Complaints Cost You Money

Reposted from the Bronto Blog.

By now, most email marketers have probably come to understand that
sending email is not without risk.  As with any marketing, knowing your
audience and serving up something that will entice them to convert is
key.  Two methods email recipients have to let you, as a marketer, know
they don't like what you've sent them is by either unsubscribing or
lodging a complaint with their ISP (largest still is Yahoo! with 106MM unique US inboxes according to the latest report).

Note, these are not representative of recipients (your potential or
existing customers) telling you they don't care or are indifferent to
what you've sent them.  But, rather, they've gone out of their way to
deliberately tell someone they don't appreciate the email (either you,
directly via the unsubscribe or the ISP via a complaint).

Let's dive into the complaints a bit more, though.  These little
bits of data a recipient fires off to their ISP or 3rd party service
(like SpamCop) have two effects:

  1. It signifies to the ISP that a subscriber of theirs has identified
    what she considers to be spam.  When these are added up over time and
    the recipient base, that ISP domain can begin blocking the sender.
  2. It is compiled in the email platform you're using and usually, like with Bronto's Sender Rating, can impact your ability to send email out.  Also, that recipient is unsubscribed from future mailings until they re-optin.

At its core, a spam complaint is a person raising their hand and saying "Yuck."

How do you measure complaints? Based on the above effects,
there's real money being left on the table after every complaint is
lodged.  It not only affects the LTV (define) but also shows the value of your program as determined by the aggregate of the recipients' reactions.

Start Simple. If you don't yet have a way to assign a
monetary value to a complaint, take it slow.  Look at your marketing
spreadsheets or your data warehouse (or wherever you keep the
incremental value listed per customer/prospect, even if it's on a legal
pad somewhere) and ask yourself "How much will it cost me when one
person tells me they don't want any more email?"  Is it $10?  $5?  If
you have really high incremental revenue per item, it may be more.  If
you're about providing a more informational email, it will be much
lower.  But at some point, you need to define how many net dollars will
come out of your budget each time a new recipient tells you "No!"

Stay consistent. Once you've got the value down, be sure to
apply it to all recipients across the board fairly.  You can break down
the values per mailing segment, but in my experience, it's more
effective to have the opportunity cost assigned multilaterally.  Makes
it much easier to compare one campaign to the next within your campaign.
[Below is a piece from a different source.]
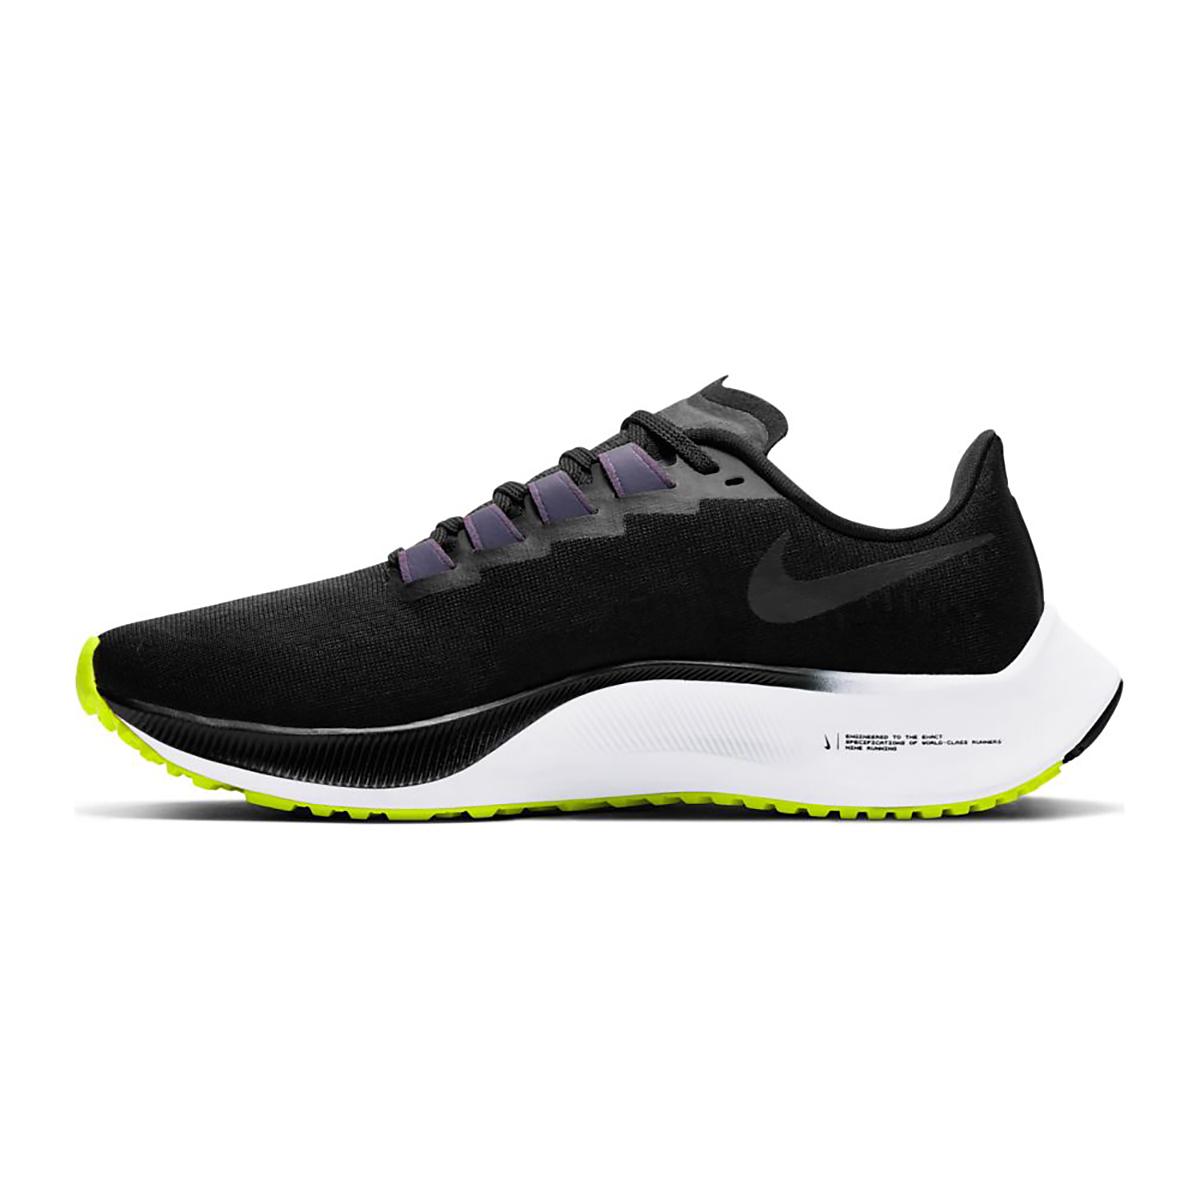 Women's Nike Nike Air Zoom Pegasus 37 Running Shoe - Color: Black/Anthracite/Dark Raisin/White - Size: 5 - Width: Regular, Black/Anthracite/Dark Raisin/White, large, image 2

Be true to yourself. The whole point of email marketing in
the first place is to spread the word about your company, service or
product, right?  Pay attention to complaints coming in (of which any
good email platform should expose) and act on this information. 
Turning a blind eye or accepting the complaints as collateral damage
for emailing will result in potentially alienating your recipients. 
And, with that individual, you'll lose their willingness in the future
to even get your email.

Don't be afraid of complaints; embrace them.  The spam complaint
isn't going anywhere soon.  Many ISPs still use it at as the glue tying
senders to email performance, recipients are being trained more and
more to just "spam it" from their own web or thick clients, and
successful marketers know exactly how much a complaint drives out of
their potential success in dollars.  Take action when receiving them
and use your marketing savvy to avoid more in the future.

I'll leave you with this thought…

39% of all respondents said they used the "report spam" button often or very often. – MarketingSherpa "Email Marketing Benchmark Guide 2008"

Chris Wheeler
Director of Deliverability at Bronto
@ChrisAWheeler

Last 5 posts by Chris Wheeler

Comments Closed

to “Complaints Cost You Money”

  1. A Mooij
    October 23, 2009 at 6:42 am #

    The 39% figure is likely to be on the low side. What would be more interesting, would be a figure where you compare the amount of unsubscribes with the amount of complaints from hotmail/yahoo users.

  2. Chris Wheeler
    October 23, 2009 at 12:43 pm #

    @A Mooj – Agreed. Most sophisticated email marketing programs have this setup where you're not only measuring complaints but also unsubscribes. The added severity of complaints, though, is that the ISP is involved in a person complaining. An unsubscribe? No, it's between the marketer and the recipient. When the ISP is catching complaints in the middle, they use rough standard across the board of 1% complaints per total mail sent. Yes, it varies depending on the ISP, but that's usually a good rule of thumb. So, regardless of what your unsubscribe rate is, if you have high complaints, the added effect of driving down deliverability is real.